### MATERIAL PROVIDED ###

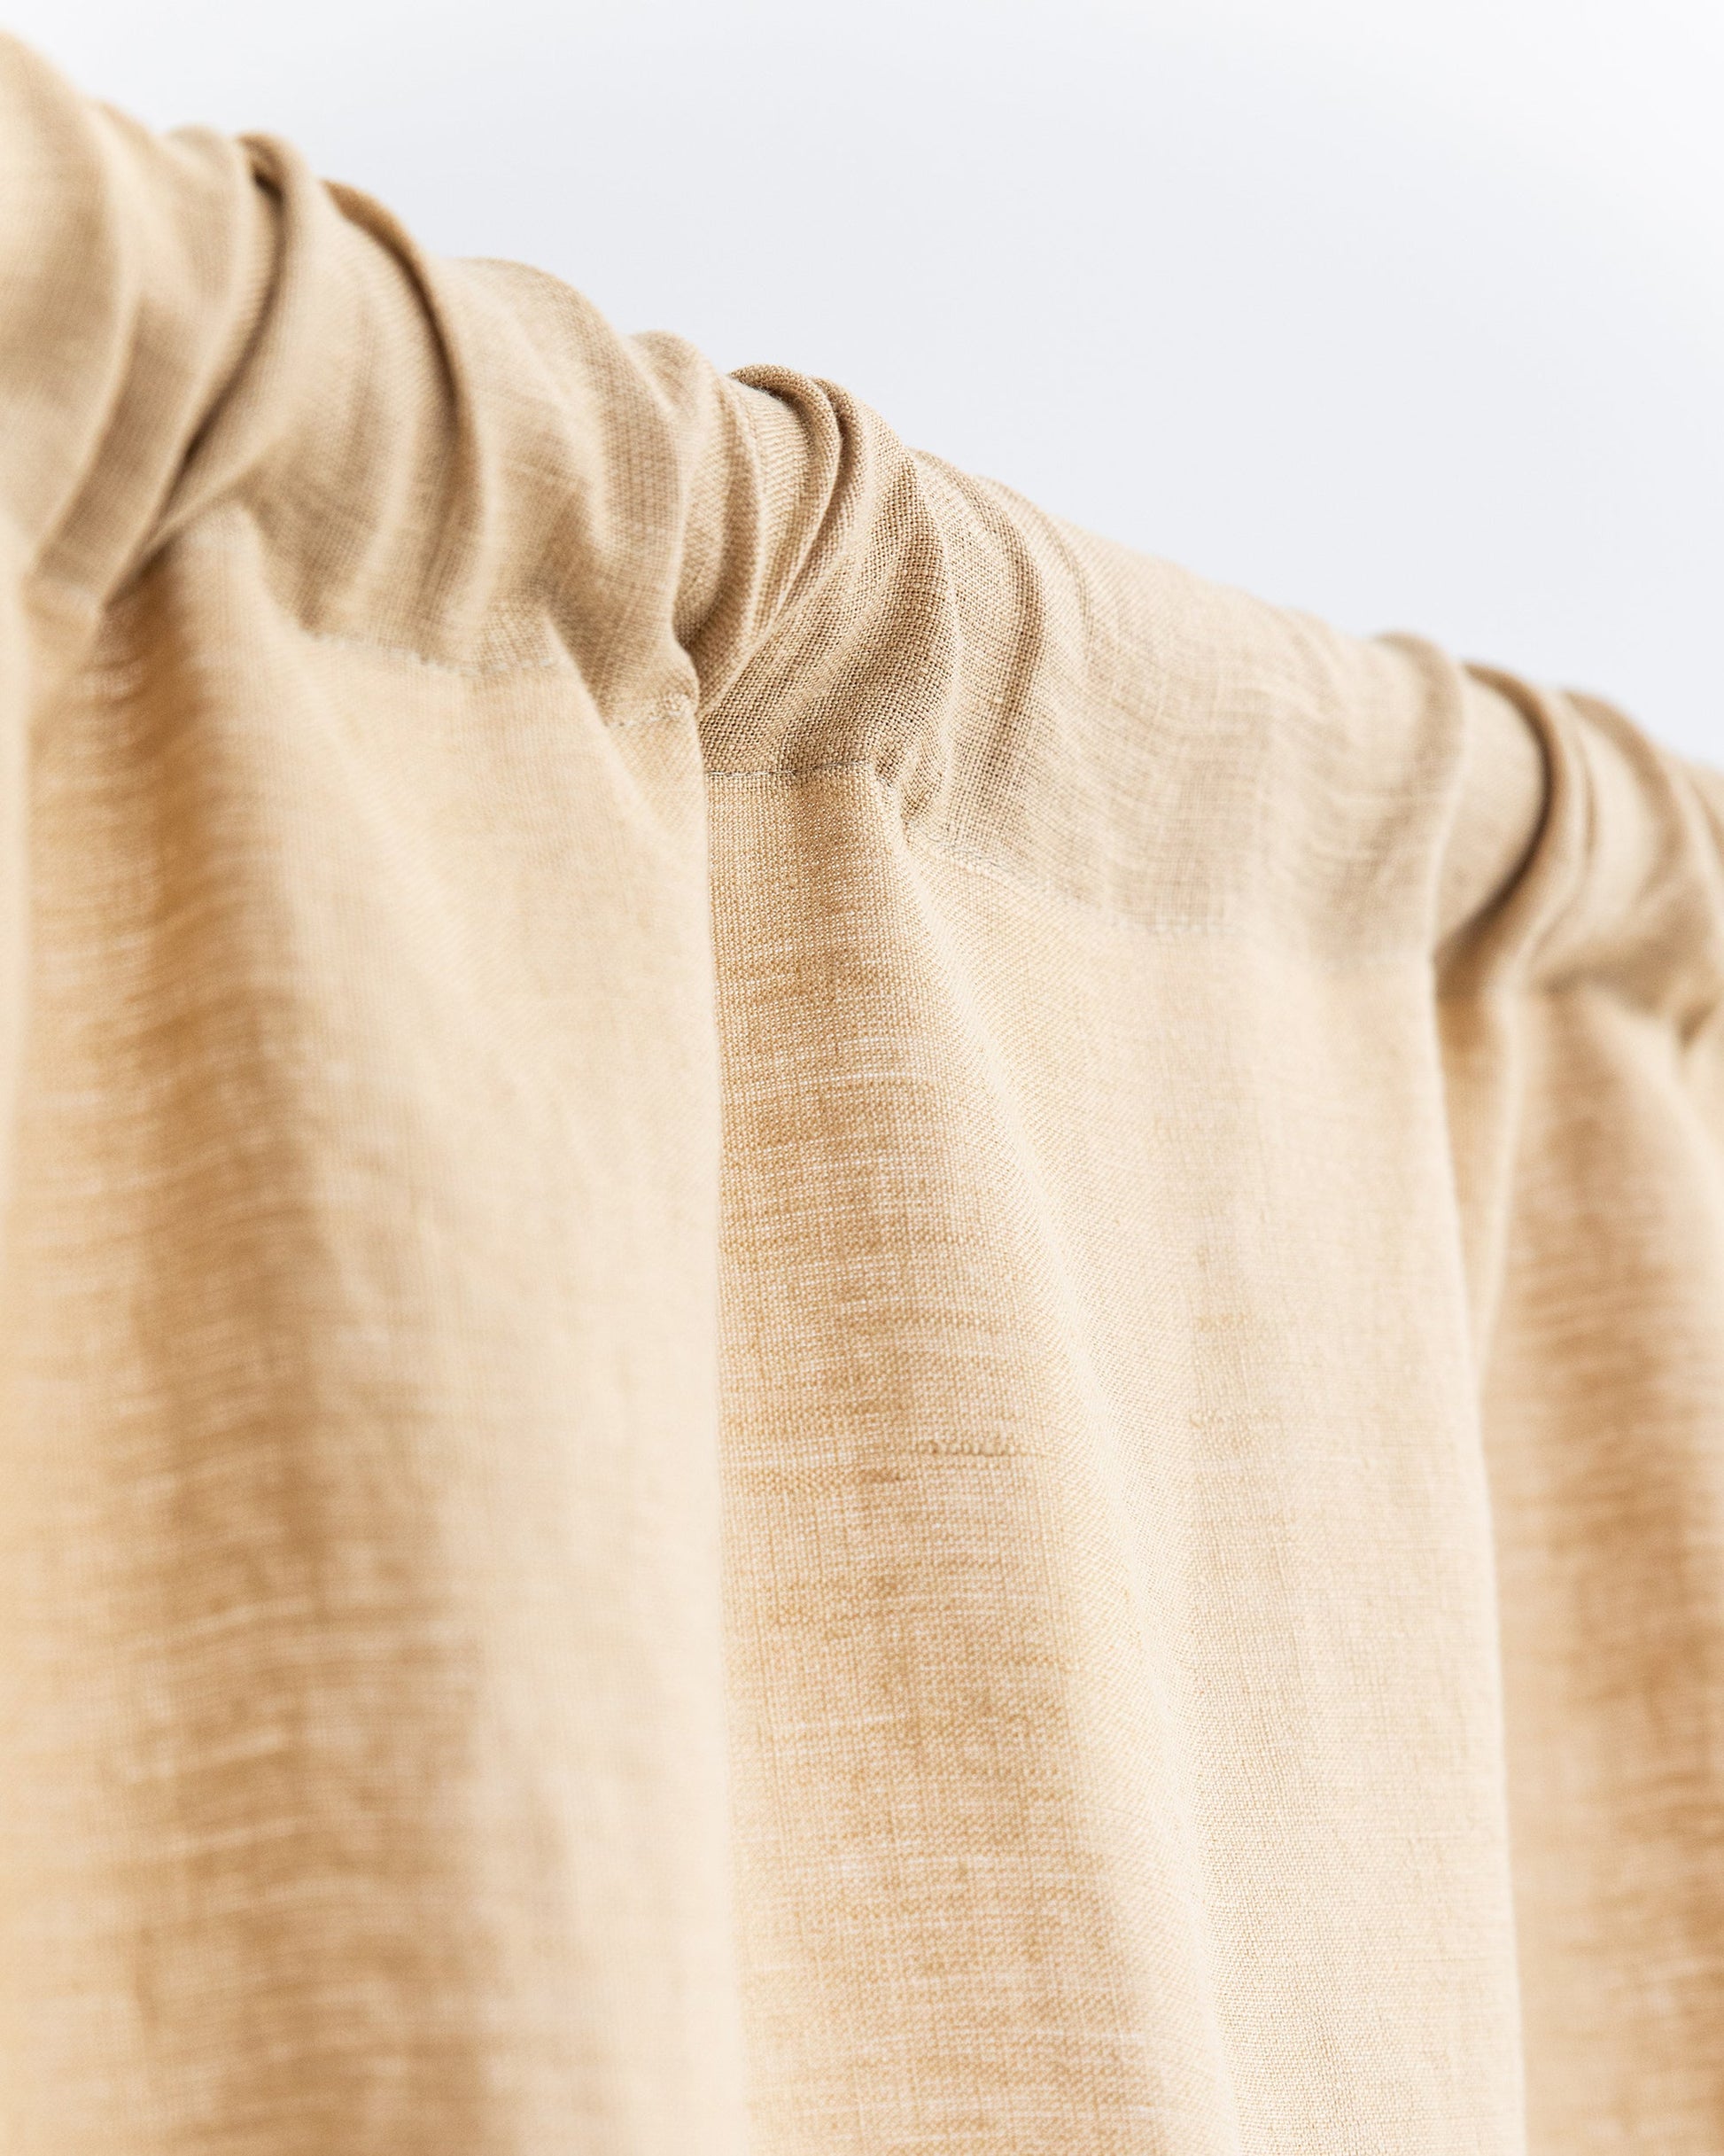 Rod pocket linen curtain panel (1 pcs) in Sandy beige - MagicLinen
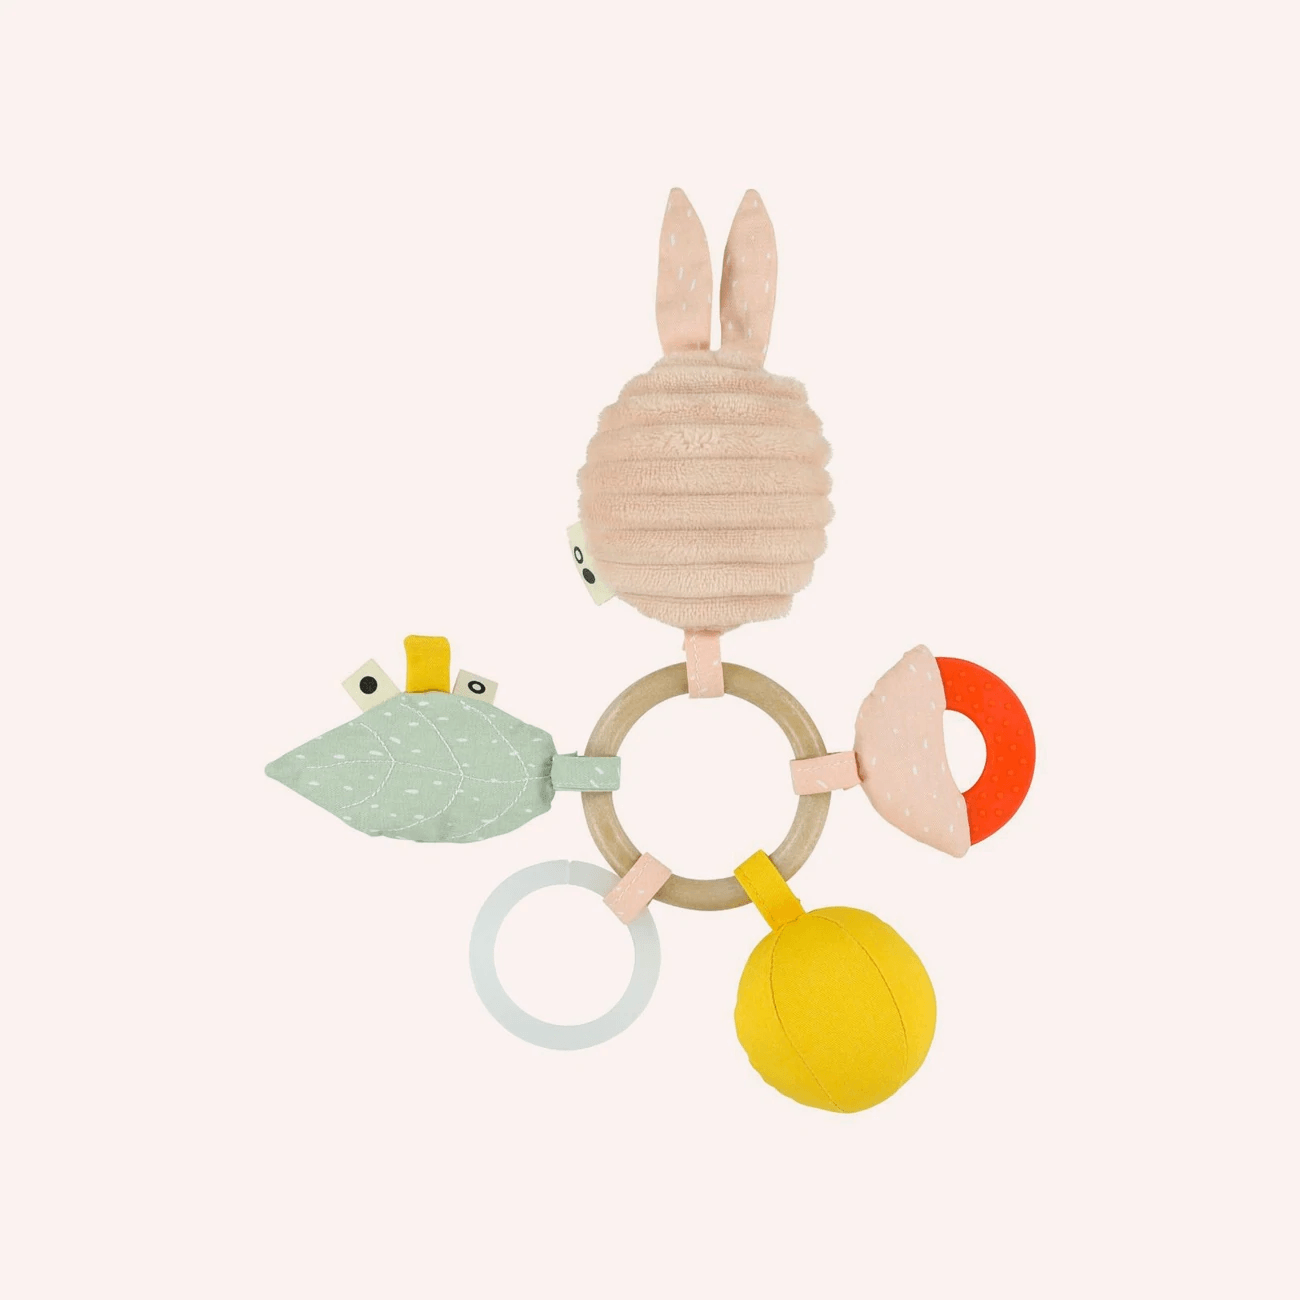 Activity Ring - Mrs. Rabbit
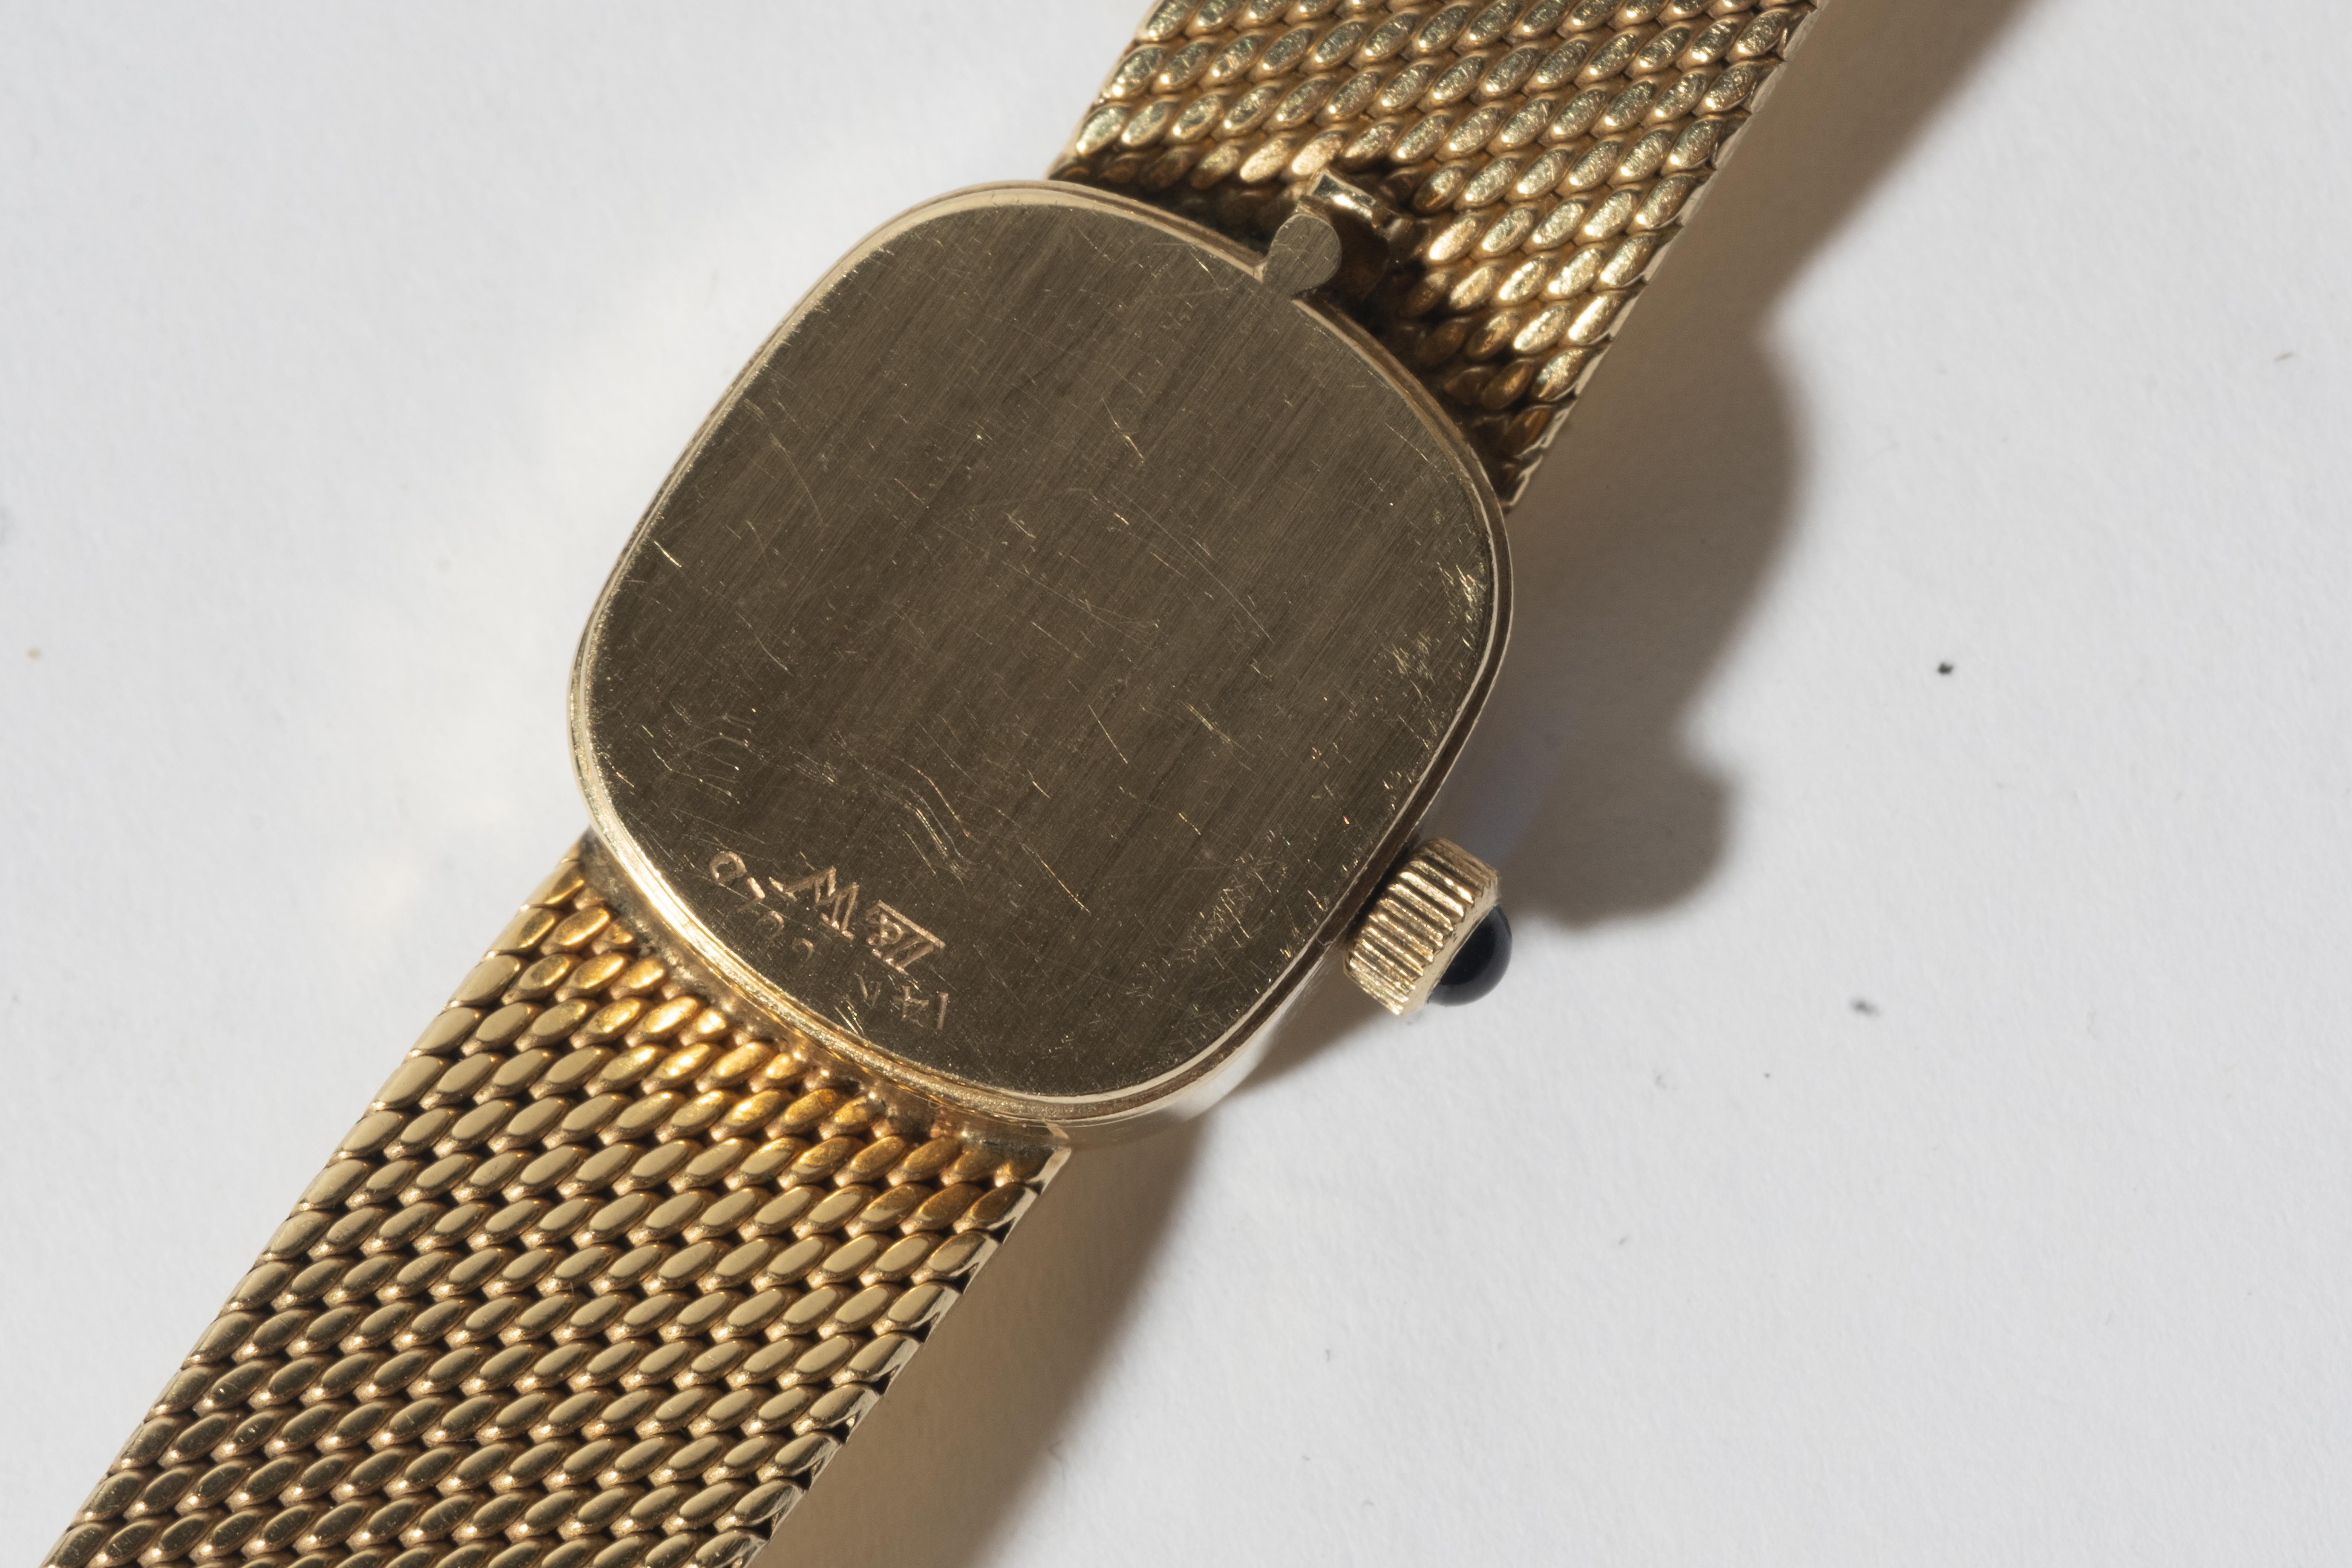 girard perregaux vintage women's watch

###

» TRY IT
Transcribe the material above in full. No picture is to be copied.

» RESPONSE BOX
 Rod pocket linen curtain panel (1 pcs) in Sandy beige - MagicLinen
 Activity Ring - Mrs. Rabbit
 girard perregaux vintage women's watch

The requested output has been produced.